When writing out the listing below, reproduce every word exactly and skip the pictures.

=== Provided material ===

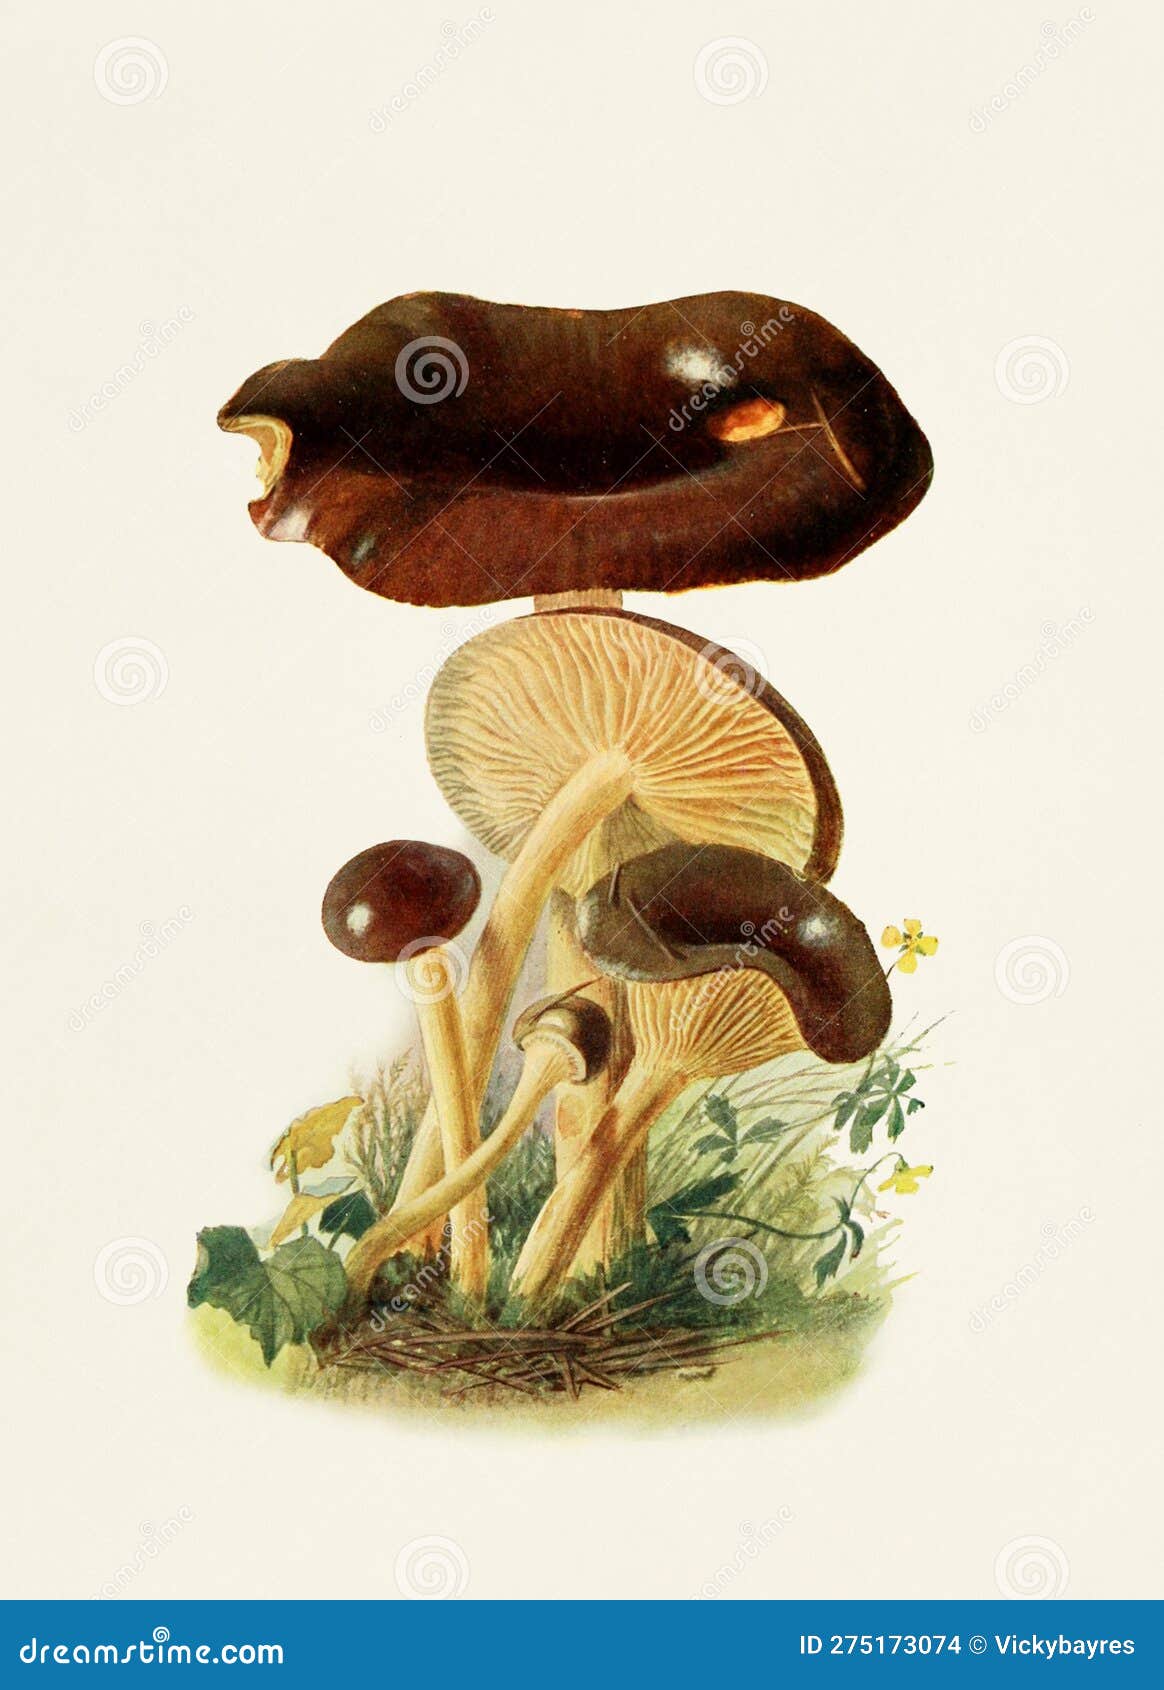 beautiful mushroom . limacium vitellum
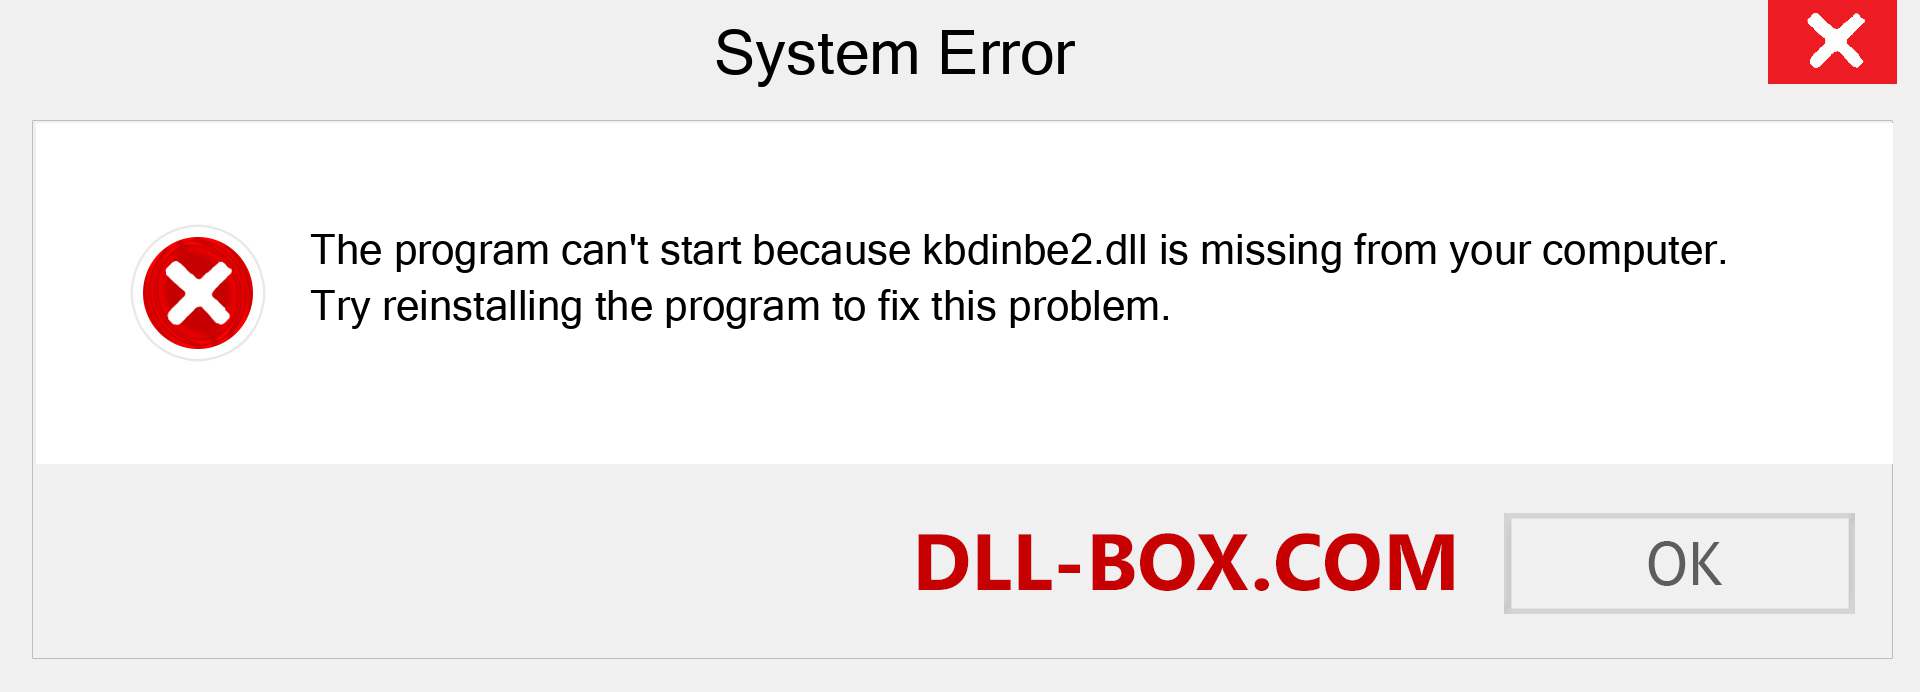  kbdinbe2.dll file is missing?. Download for Windows 7, 8, 10 - Fix  kbdinbe2 dll Missing Error on Windows, photos, images
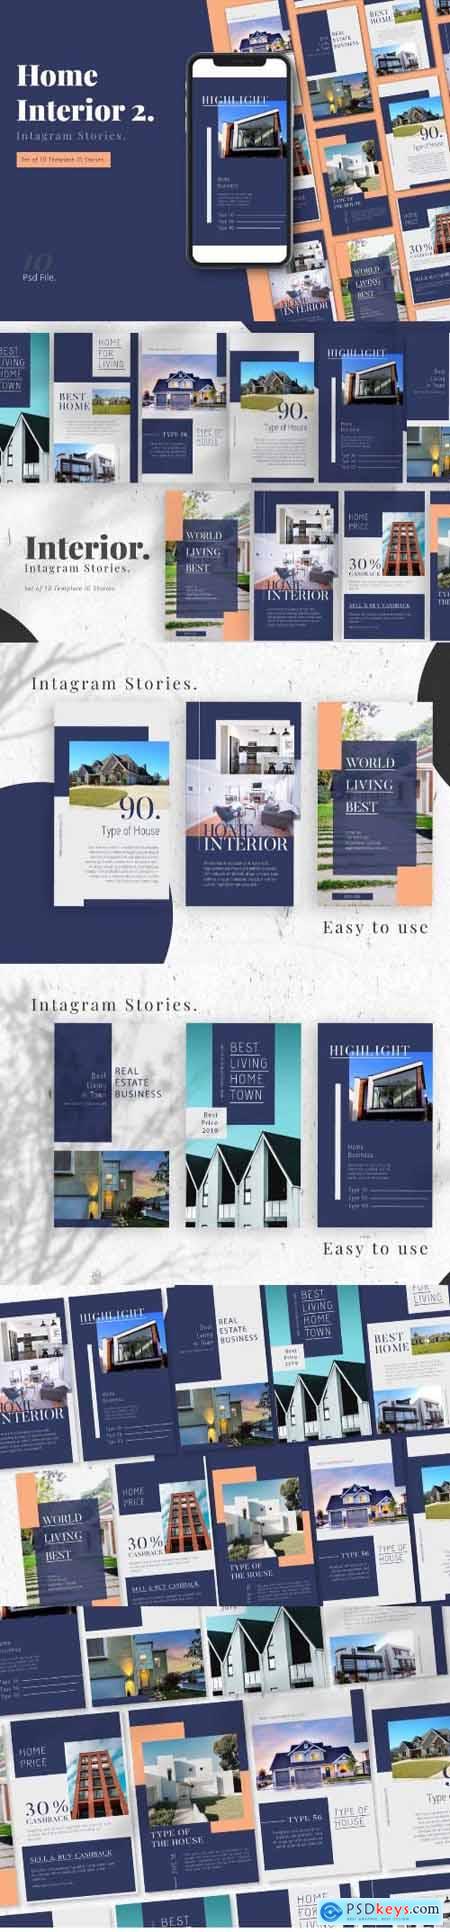 Interior Home Promotion Instagram Stories
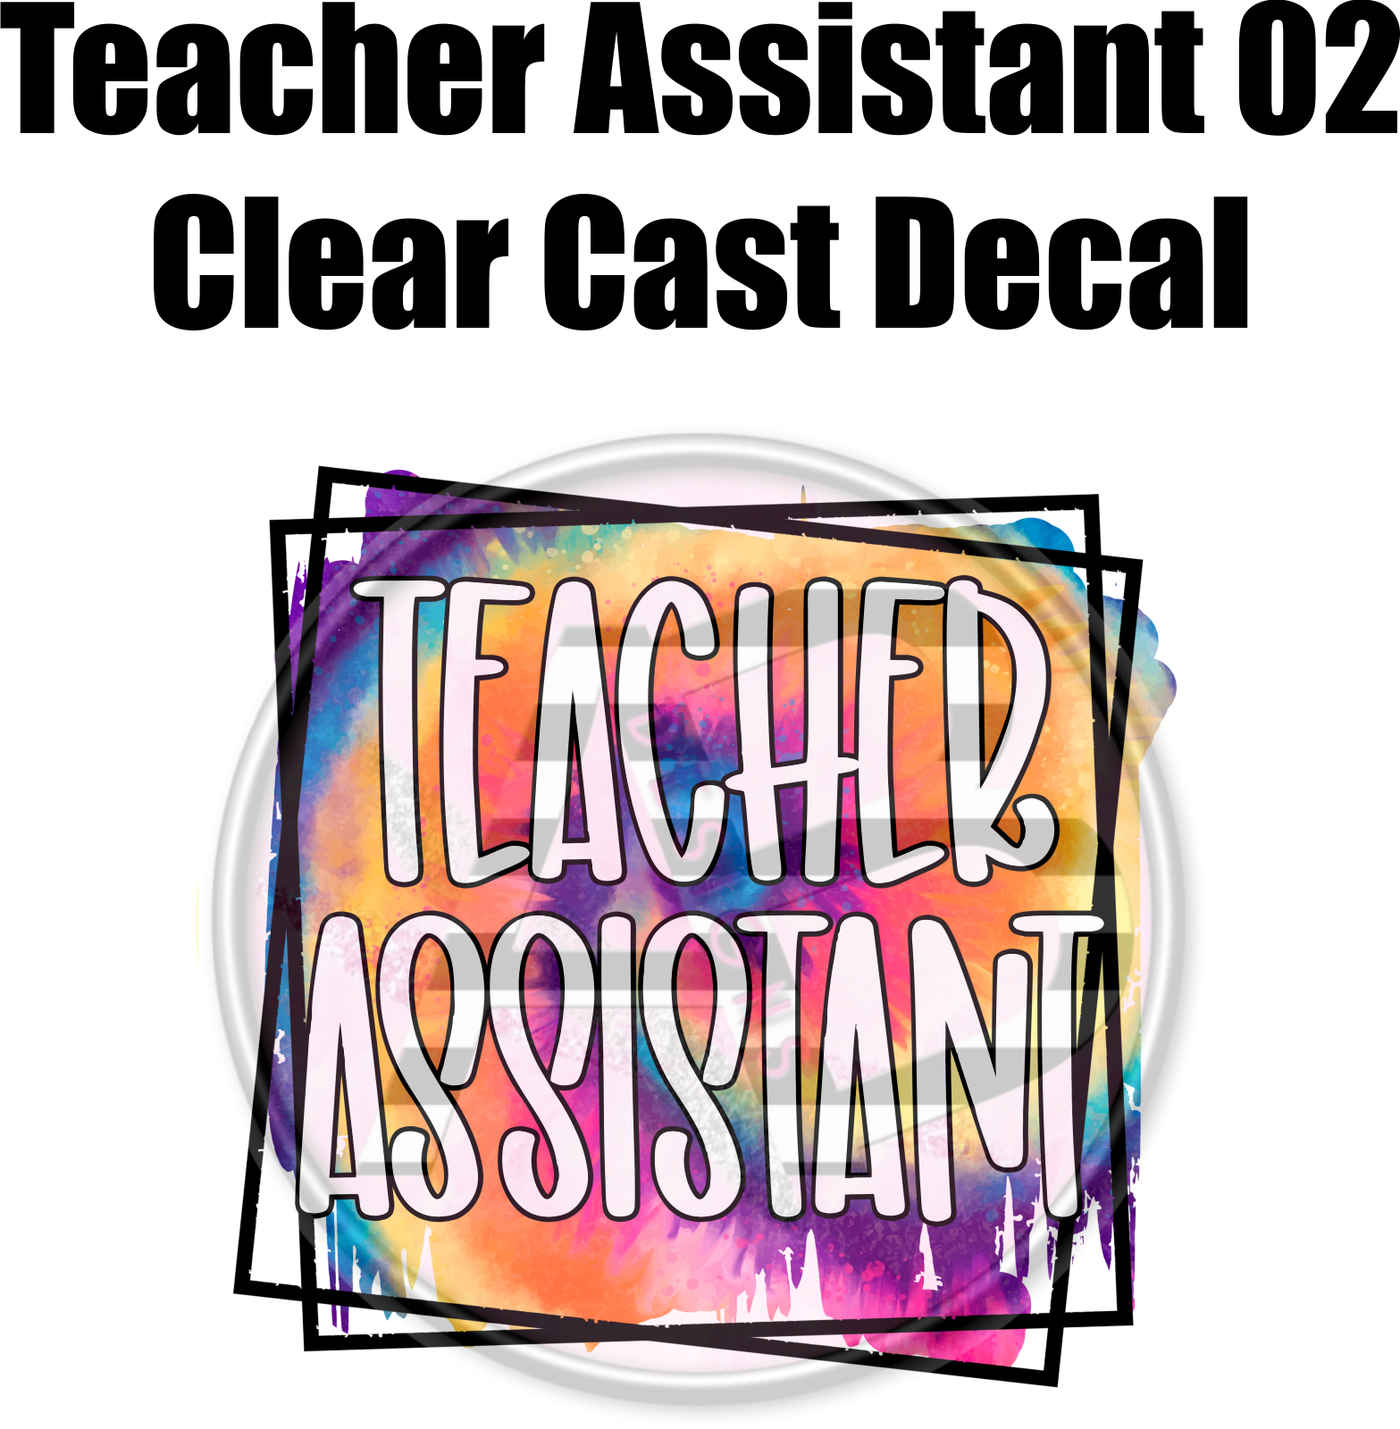 Teacher Assistant 02 - Clear Cast Decal - 49

===

## Exercise response
 beautiful mushroom . limacium vitellum
  kbdinbe2.dll file is missing?. Download for Windows 7, 8, 10 - Fix  kbdinbe2 dll Missing Error on Windows, photos, images
 Interior Home Promotion Instagram Stories
 Teacher Assistant 02 - Clear Cast Decal - 49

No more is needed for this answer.